Première vague féministe
La Convention de Seneca Falls qui se tient les 19 et 20 juillet 1848 est traditionnellement l'évènement qui sert à marquer le début du féminisme aux États-Unis. La déclaration rédigée par Elizabeth Cady Stanton est issue de cette réunion et liste les premières revendications contre le pouvoir masculin[1]. Deux philosophies féministes s'opposent alors. La première demande l'égalité des hommes et des femmes en mettant en avant l'égalité naturelle de tous les êtres humains, la seconde met en avant les caractères qui seraient proprement féminins (la compassion, la tendresse et la pureté) pour justifier une supériorité de la femme sur l'homme. Si a priori ces deux positions sont irréconciliable, dans les faits cela ne s'est pas traduit par un combat entre féministes et certaines ont au cours de leur existence passé d'une position à l'autre. Le rapport entretenu avec l'utopie socialiste distingue aussi différents groupes. Soit la propriété individuelle est vue comme un moyen pour la femme de se libérer, soit la mise en commun des biens par les femmes permet à celles-ci de se passer des hommes. Cette position est très minoritaire après les années 1890. En effet, l'idéologie politique dominante est le conservatisme et les féministes se soucient surtout au droit de vote pour les femmes. En 1890, cette école de pensée se réalise dans la fondation de la National American Woman Suffrage Association. Là les idées radicales sont interdites. Il n'est plus question de critiquer la religion, d'entretenir des relations avec les associations luttant pour les droits des noirs et des immigrés. De plus, les actions militantes sont interdites[2]. Cette période nommée Progressive era s'étend des années 1890 à 1920[3].
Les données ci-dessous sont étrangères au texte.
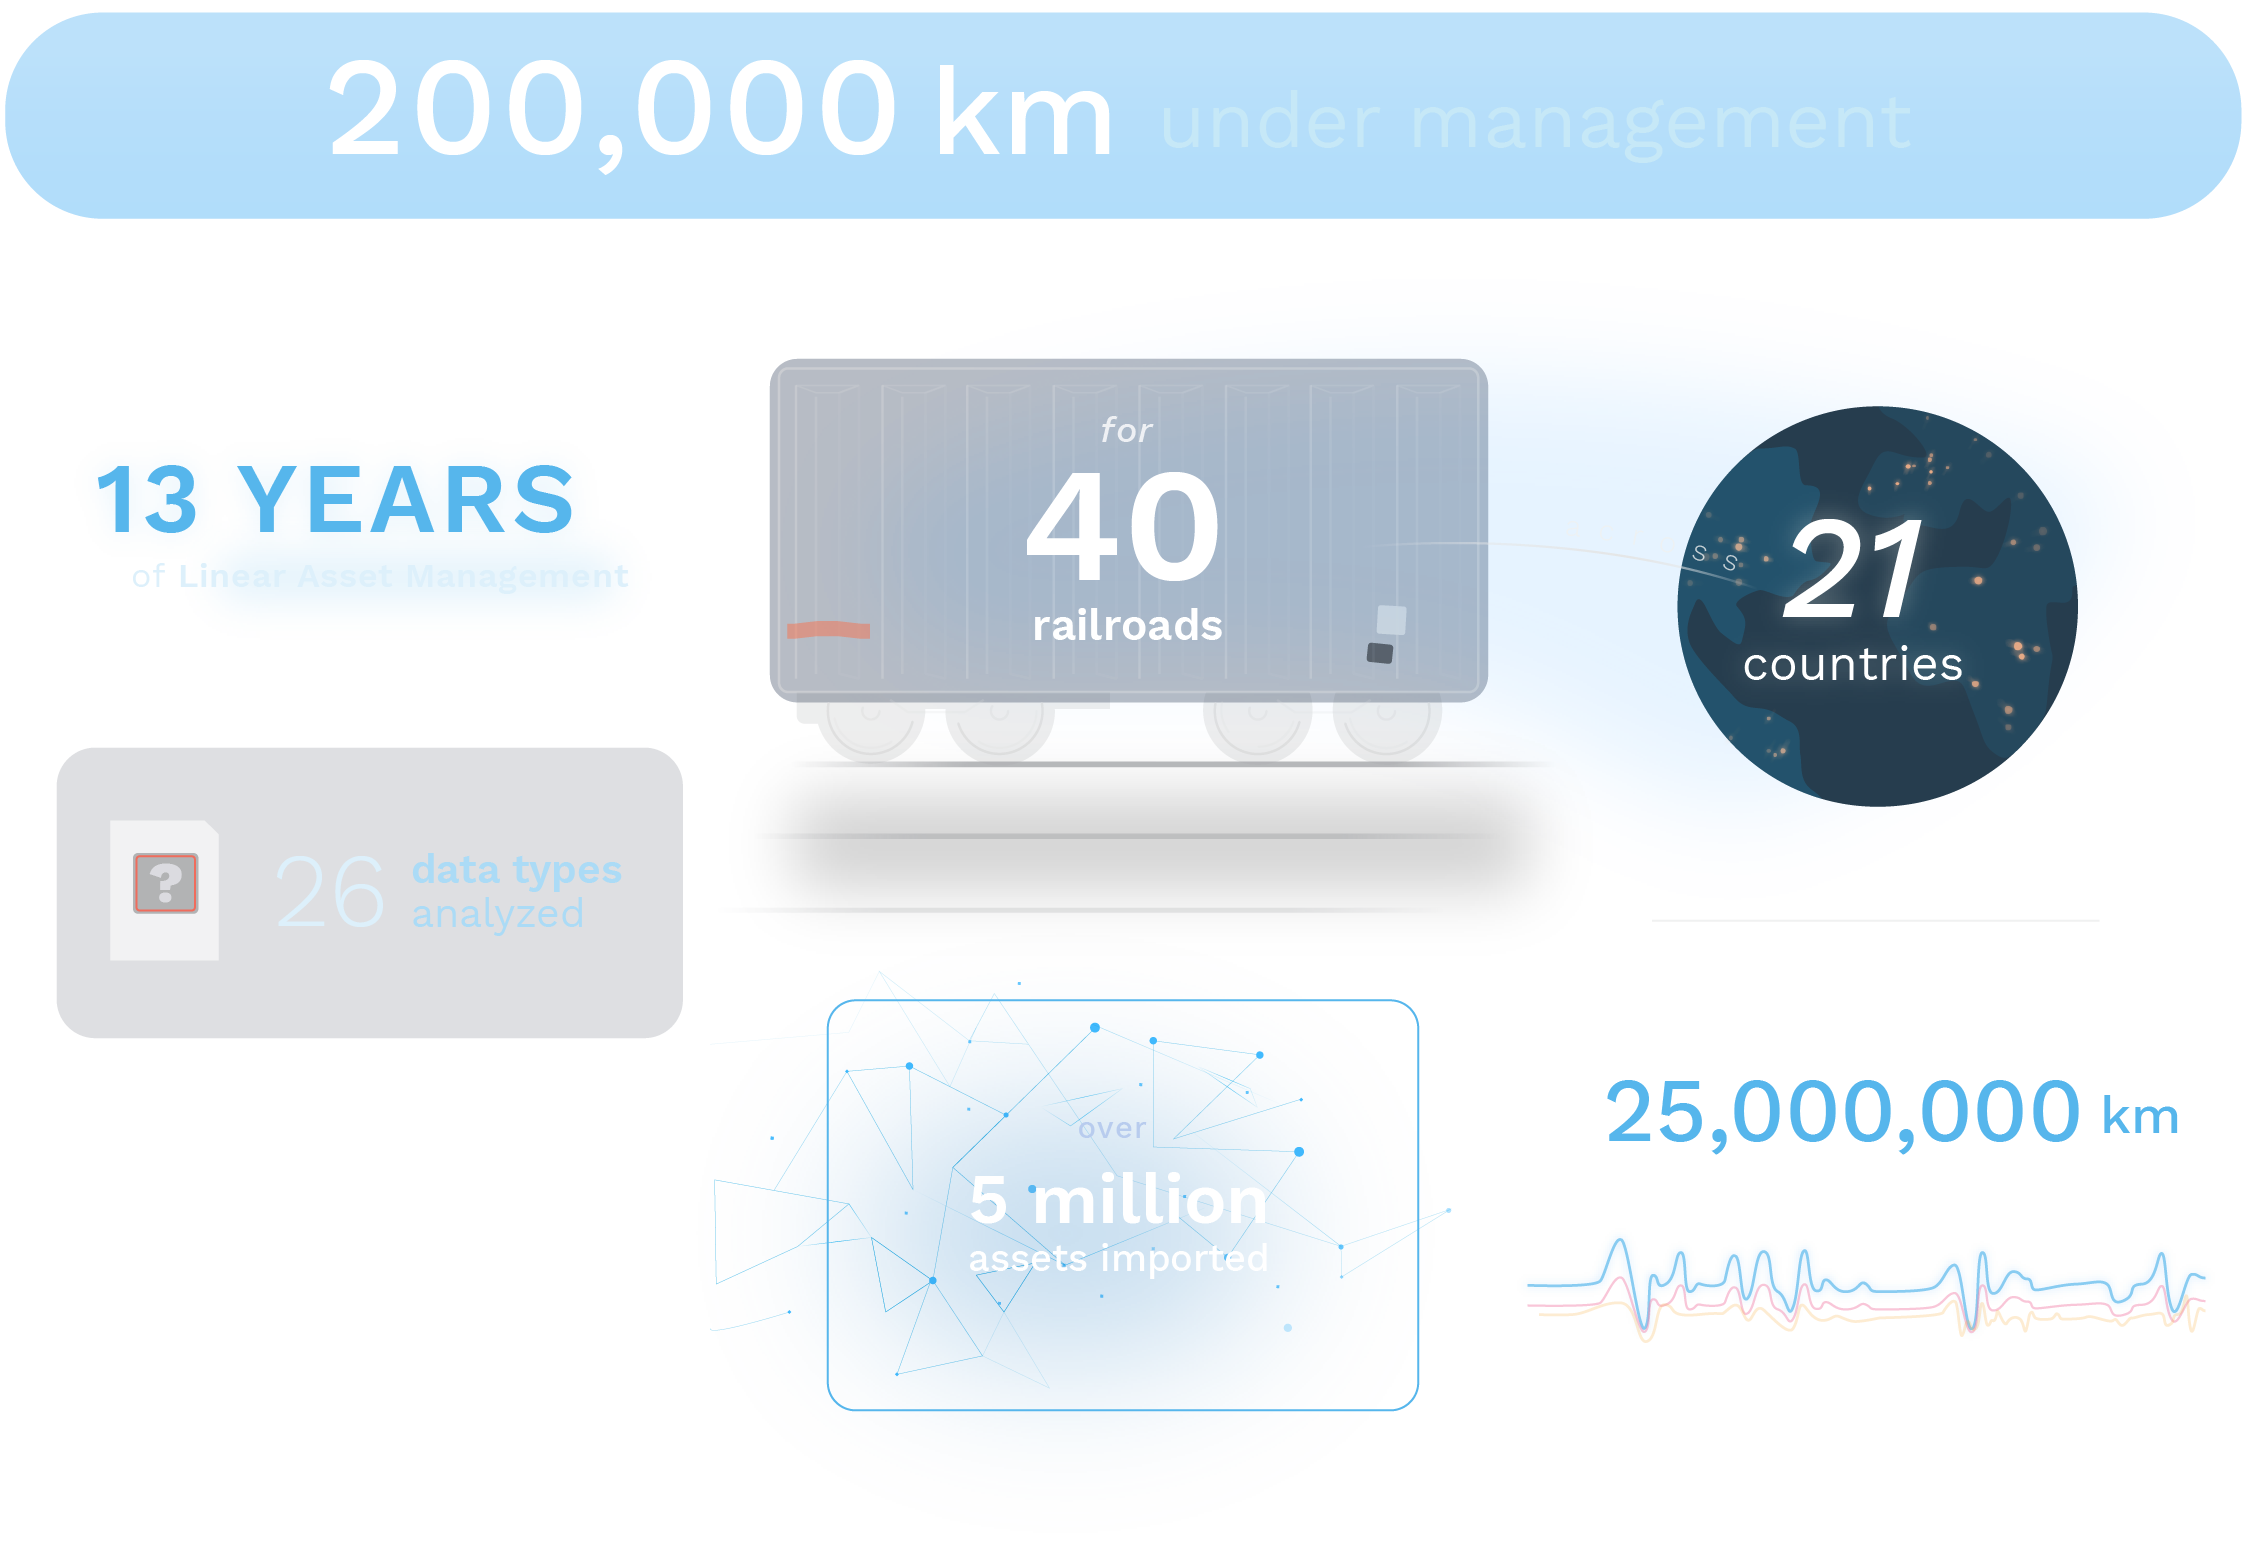 Graphic showing statistics about the company's history: 200,000 km under management; 13 years of Linear Asset Management for 40 railroads across 21 countries; 26 data types analyzed; 6.5 virtual machines deployed; over 5 million assets imported; 25,000,000 km of historic data runs

Les féministes de cette époque sont appelées par certains auteurs social feminists, bien que cette expression soit critiquée par d'autres. Elles cherchent à améliorer la société et luttent contre l'alcoolisme, la prostitution et pour la paix ou la protection du consommateur. Dans cette optique le vote des femmes est présenté comme un outil pour que celles-ci aident à la conduite raisonnée de l'état comme elles le font pour les affaires domestiques. La Women's Christian Temperance Union est, parmi les associations qui ont ce genre de programme, celle qui a rassemblé le plus de femmes. Bien qu'elles apparaissent comme conservatrices, les membres de ces associations ne se soumettent pas au pouvoir en place. Comme l'image qu'elles veulent donner de la femme est celle d'une mère protectrice, elles combattent ce qui apparaît comme les vices des hommes (alcool, recours à la prostitution, violence). De plus, bien qu'elles ne se reconnaissent pas dans le programme socialiste elles critiquent le capitalisme qui va à l'encontre des valeurs de bienveillance. Ces associations sont constituées surtout de bourgeoises blanches. Comme les femmes noires ne peuvent faire partie de ces groupes, celles-ci forment leurs propres groupes dont certains se réunissent et forment la National Association of Colored Women, en 1896. Ces associations noires luttent surtout pour l'abolition de la discrimination raciale [2].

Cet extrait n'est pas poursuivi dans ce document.